AI enables cybercriminals to automate attacks, target a broader range of victims, and create more convincing and sophisticated threats. For now, there is no efficient way to distinguish between AI- or human-generated social engineering attacks.

Apart from social engineering attacked, AI-powered cyberthreats come in various forms including:

  • Advanced persistent threats (APT)s that use AI to evade detection and target specific organizations;
  • Deepfake attacks which leverage AI-generated synthetic media to impersonate real people and carry out fraud; and
  • AI-powered malware which adapts its behavior to avoid detection and adjust to changing environments.

The rapid development of AI technology allows hackers to launch sophisticated and targeted attacks that exploit vulnerabilities in systems and networks. Defending against AI-powered threats requires a comprehensive and proactive approach that combines AI-based defense mechanisms with human expertise and control.

 

AI and Cybersecurity: The Way Forward

The integration of AI into cybersecurity is transforming the way organizations detect, prevent, and respond to cyber threats. By harnessing the power of AI, organizations can bolster their cybersecurity defenses, reduce human error, and mitigate risks.

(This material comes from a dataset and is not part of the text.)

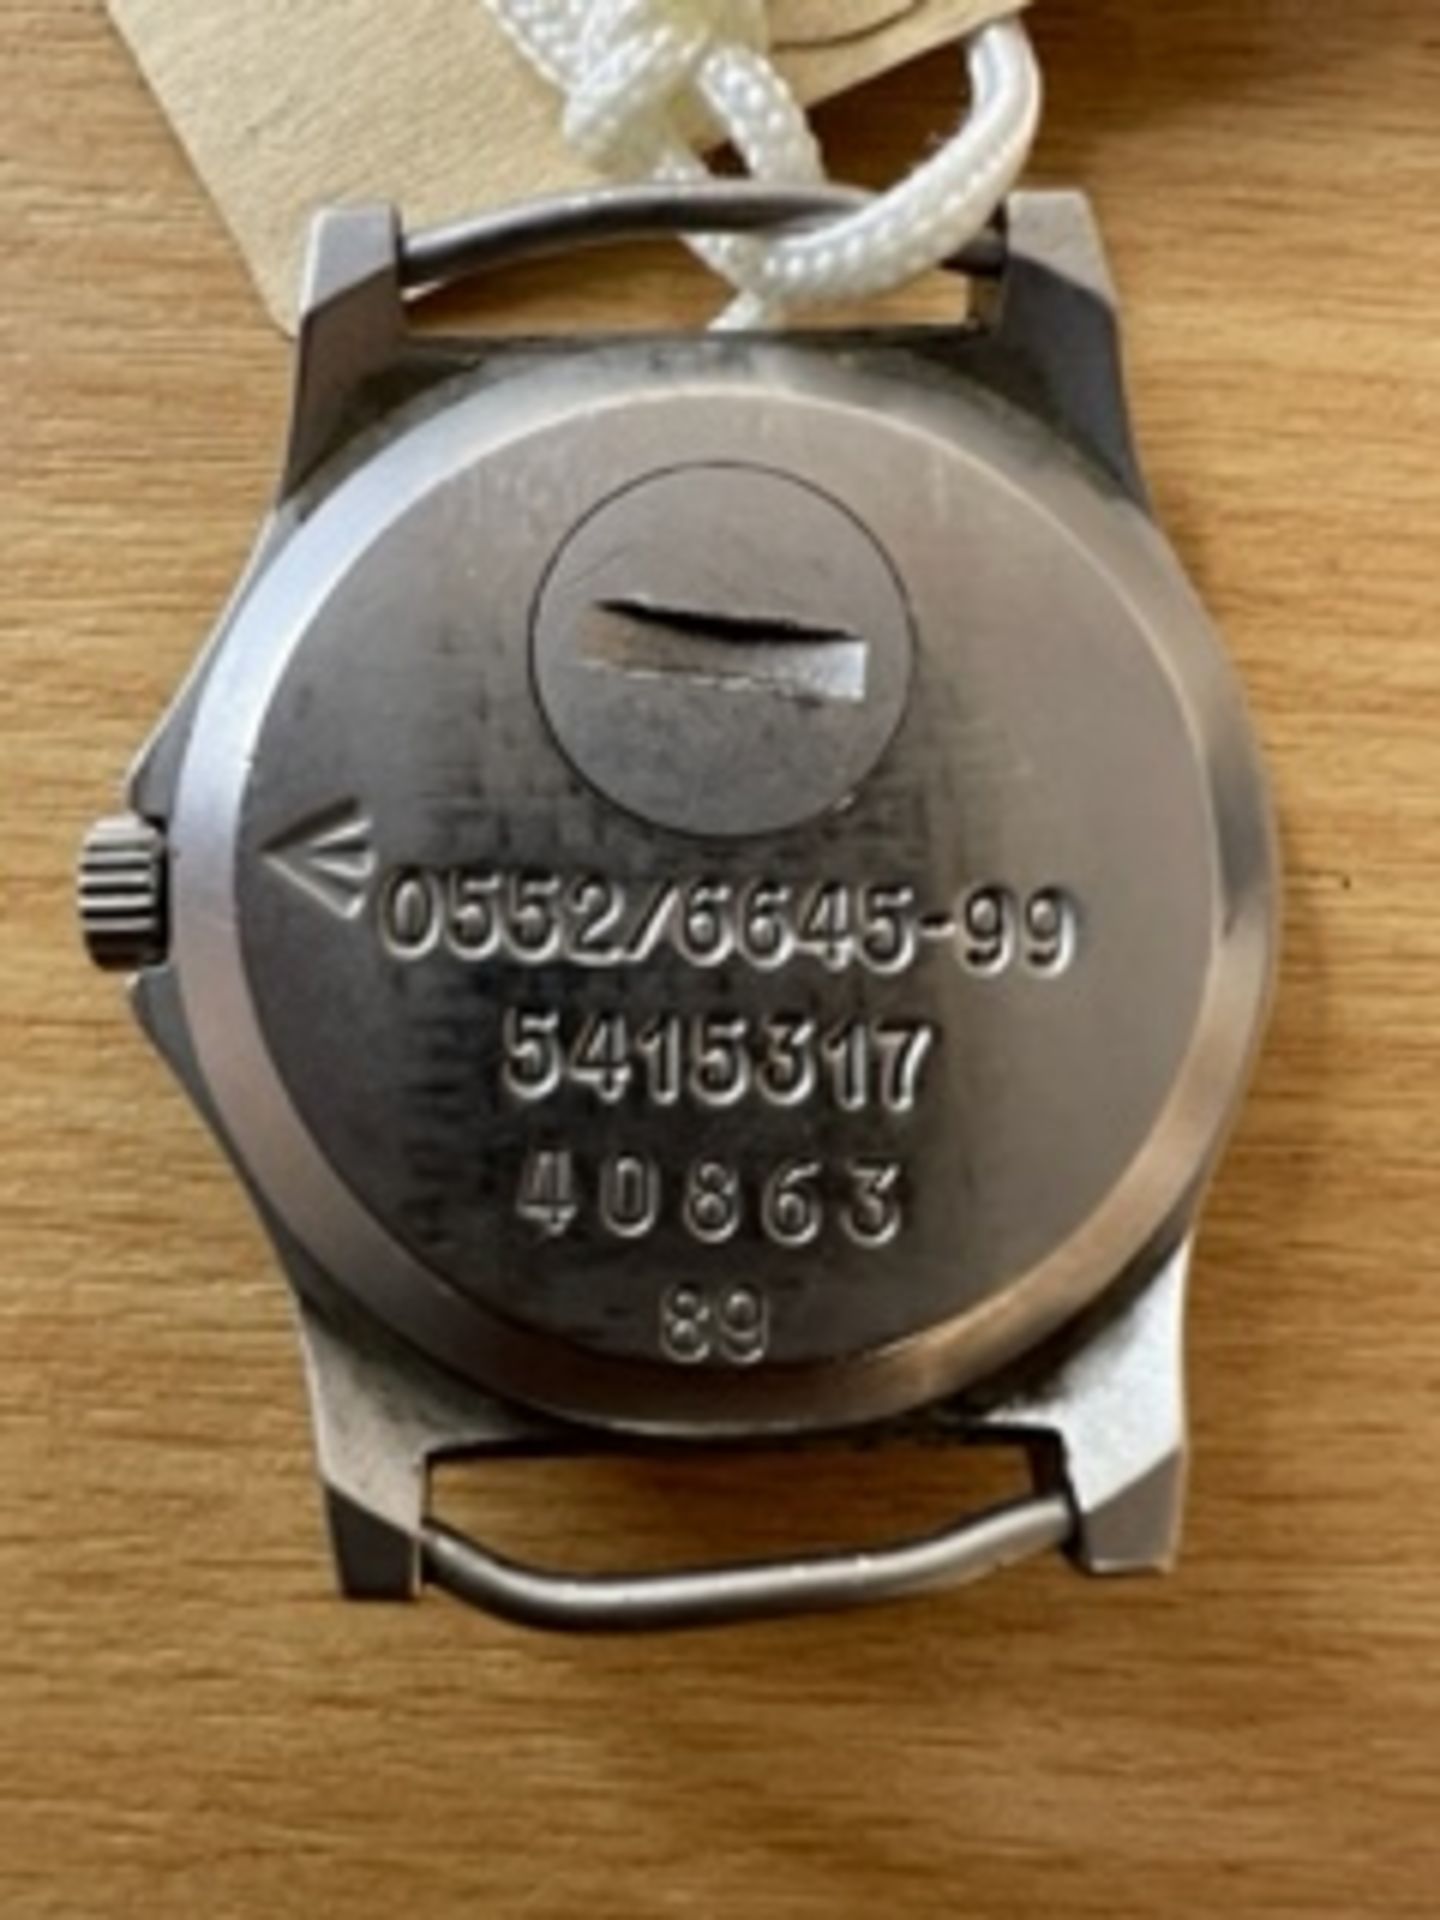 CWC 0552 R/ MARINES NAVY SERVICE WATCH NATO MARKS DATE 1989 - Image 4 of 5
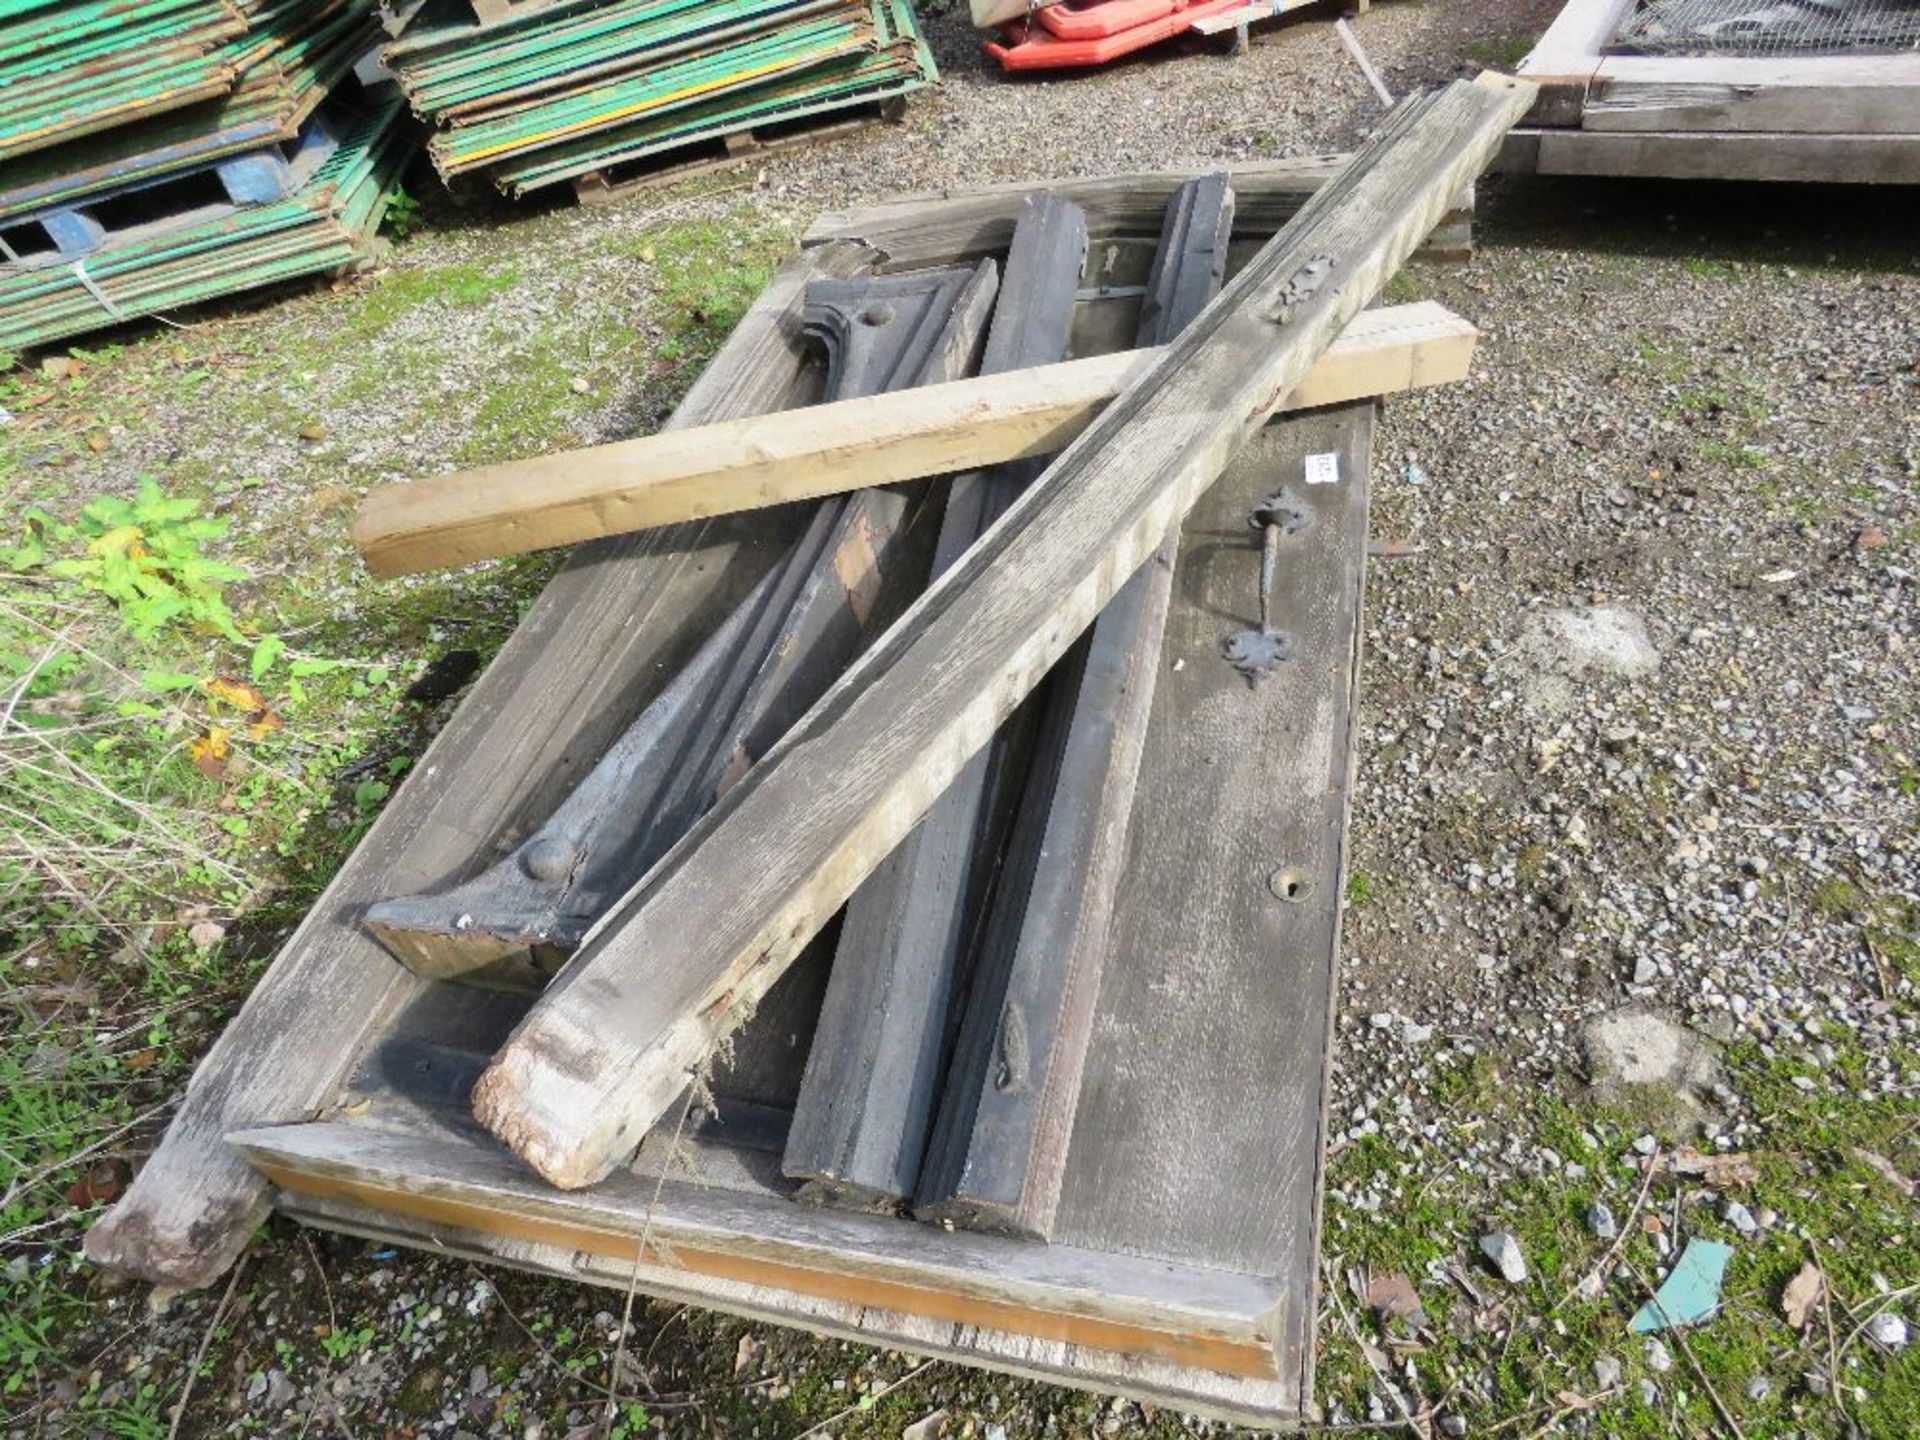 HARDWOOD VINTAGE WOODEN FRAME WITH DOOR, 1.2M WIDE X 2M HEIGHT EXTERNAL FRAME APPROX. THIS LOT IS - Image 2 of 5

Having said that, the immense potential of AI also increases the risk of cyber threats which demand vigilant defense mechanisms. After all, humans remain a significant contributing factor to cybersecurity breaches, accounting for over 80% of incidents. This emphasizes the need to also address the human element through effective training and awareness programs.

Ultimately, a holistic approach that combines human expertise with AI technologies is vital in building a resilient defense against the ever-evolving landscape of cyber threats.

 

FAQ: AI in Cybersecurity

How is AI used in cybersecurity?

In cybersecurity, AI removes the need for human experts to do tedious, time-consuming tasks. AI can read an immense amount of data and identify potential threats while reducing false positives by filtering non-threatening activities. This helps human security experts to focus on vital tasks instead.

How will AI improve cybersecurity?

AI technologies can spot potential weak spots in a network, flag breach risks before they occur, and even automatically trigger measures to prevent and mitigate cyberattacks from ransomware to phishing and malware.

What are the risks of AI in cybersecurity?

AI-enabled cybersecurity tools are reliant on the data sets they are trained on. This means bias may unintentionally skew the model, resulting in mistaken analysis and inefficient decisions that could lead to terrible consequences.

What are pros and cons of AI in cybersecurity?

Some benefits of AI-based security tools include quicker response times, better threat detection, and increased efficiency. On the other hand, there are ethical concerns to AI such as privacy, algorithmic bias, and talent displacement.